What you write must be the listing below in full, word for word, minus its pictures.

§ Provided data
+--
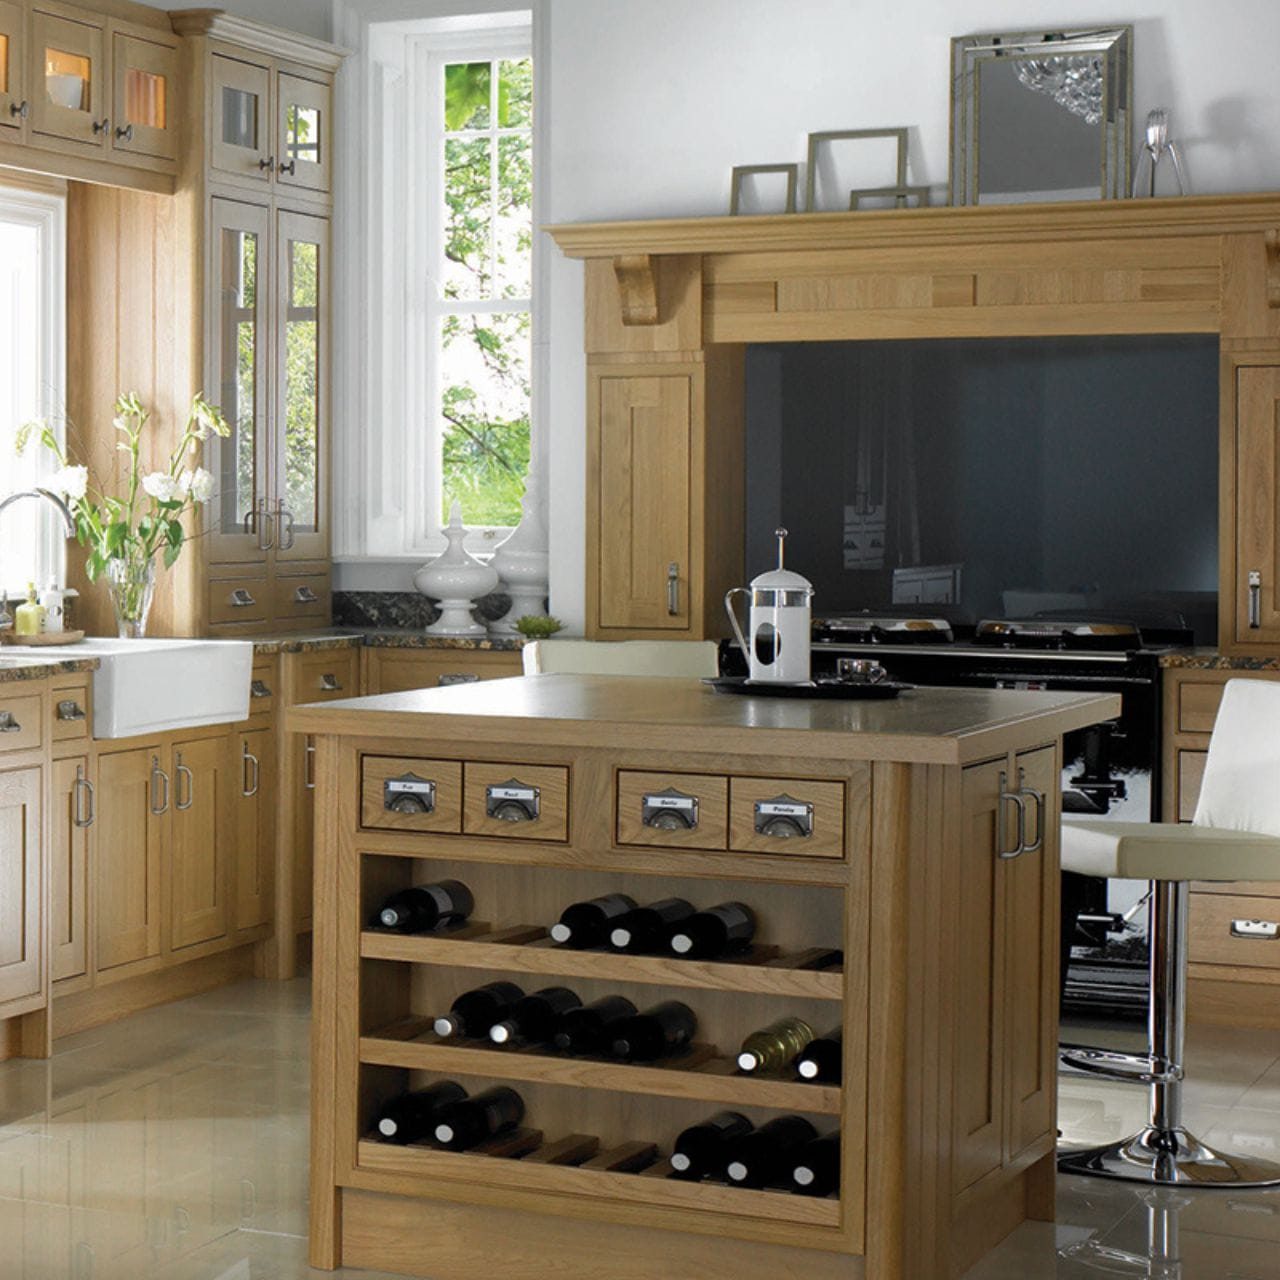 Classic Interiors wood kitchen (1)
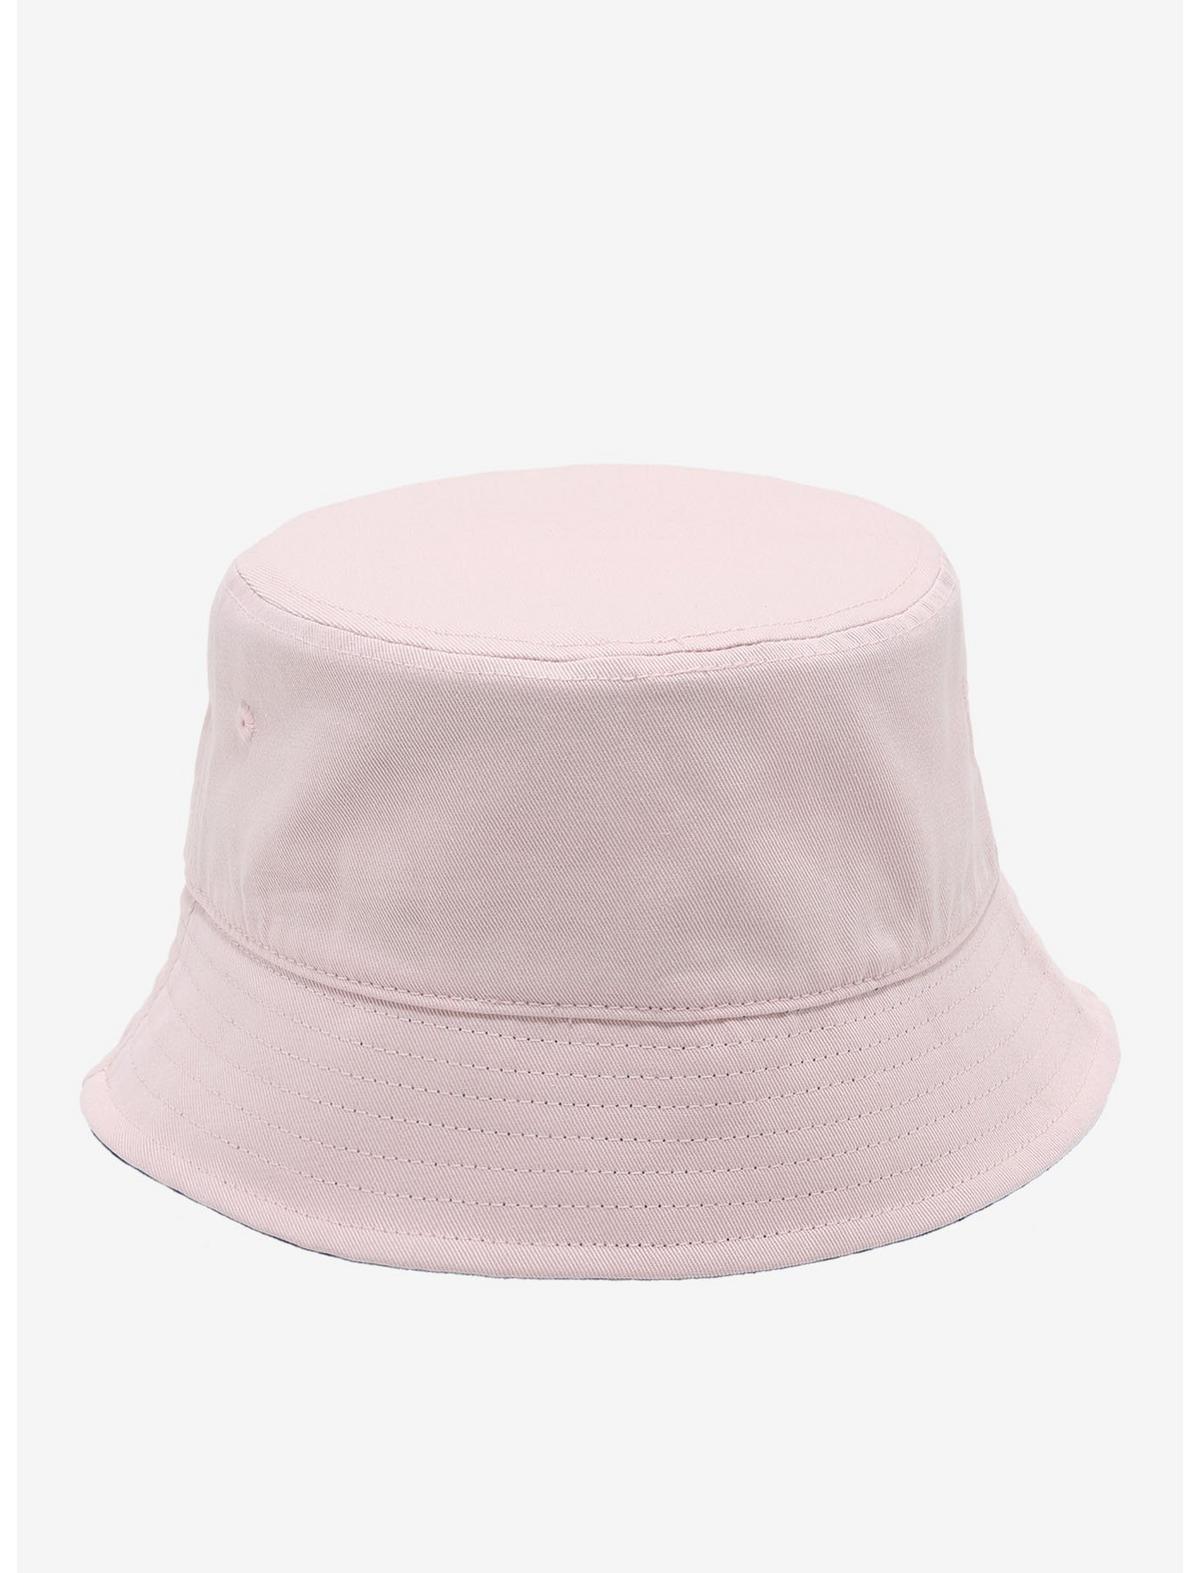 Hot Topic: Sailor Moon Pink Bucket Hat
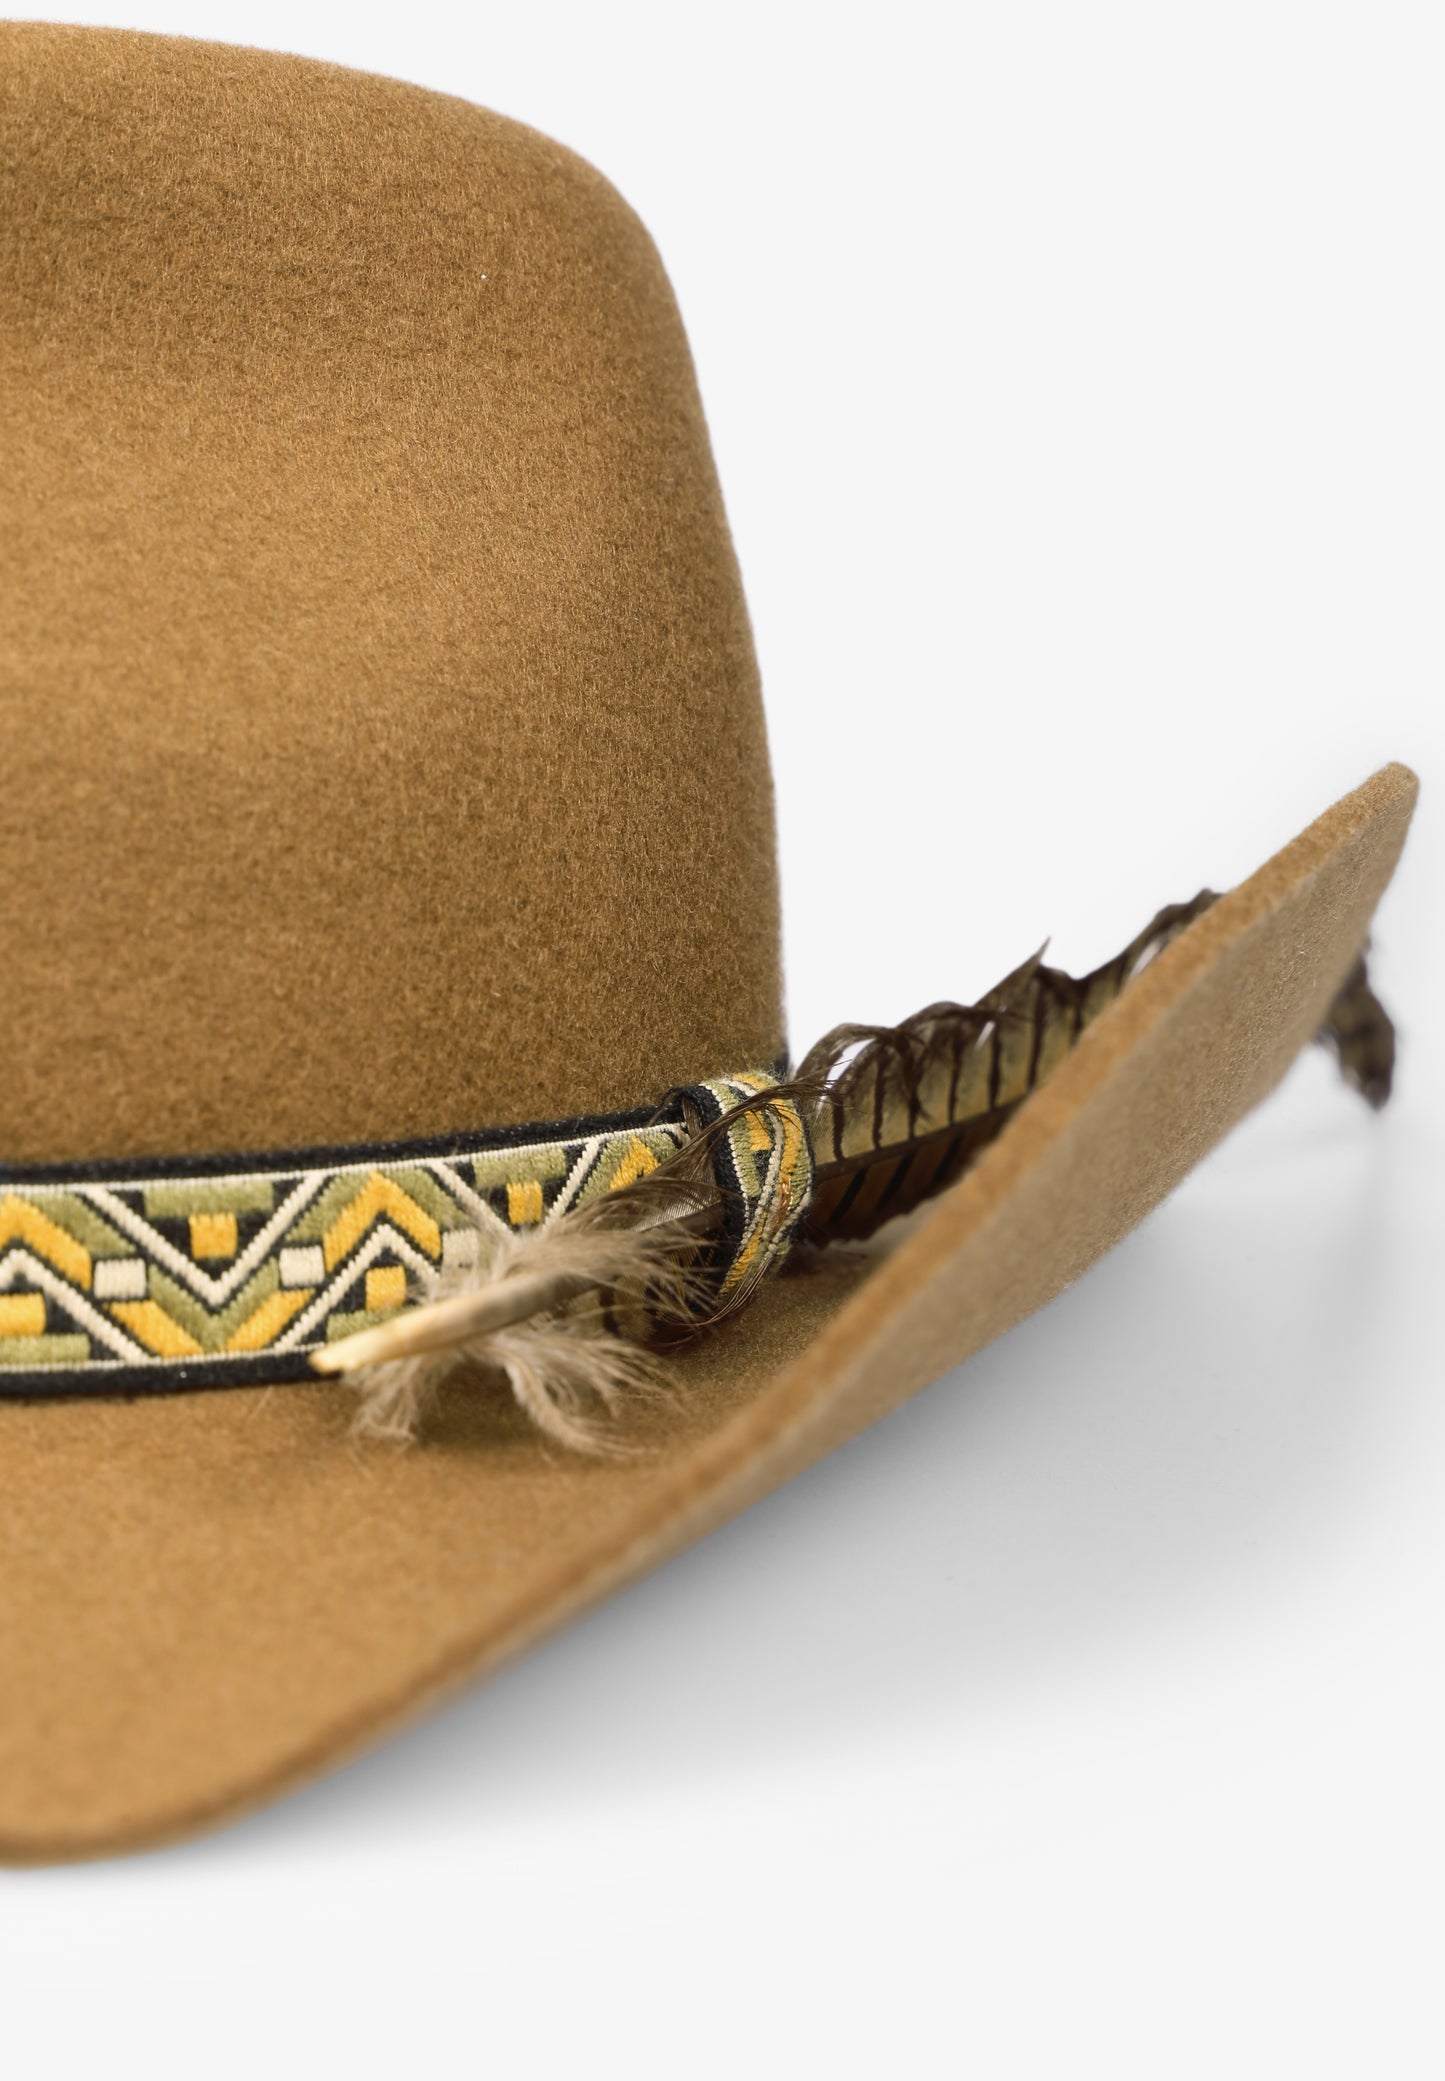 MONRREAL HATS | SOMBRERO THE RODEO COWBOY 2.0
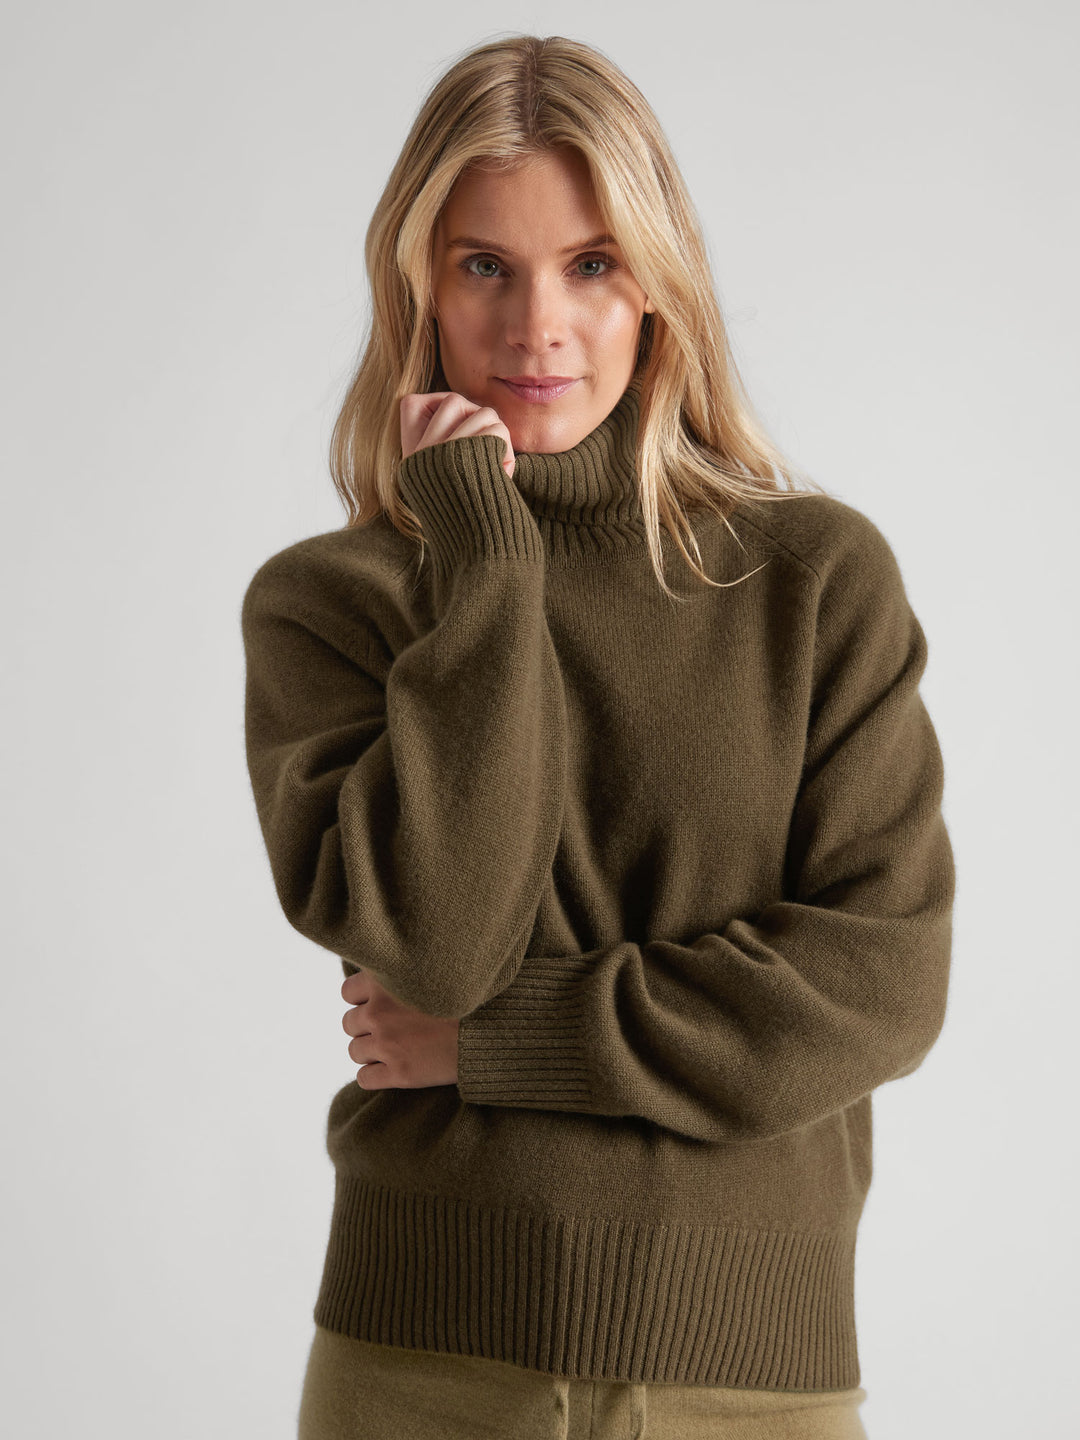 Turtle neck cashmere sweater "Milano" in 100% pure cashmere. Scandinavian design by Kashmina. Color: Hunter.
+--
§ Exercise result
 Classic Interiors wood kitchen (1)
 Hot Topic: Sailor Moon Pink Bucket Hat
 MONRREAL HATS | SOMBRERO THE RODEO COWBOY 2.0
 Turtle neck cashmere sweater "Milano" in 100% pure cashmere. Scandinavian design by Kashmina. Color: Hunter.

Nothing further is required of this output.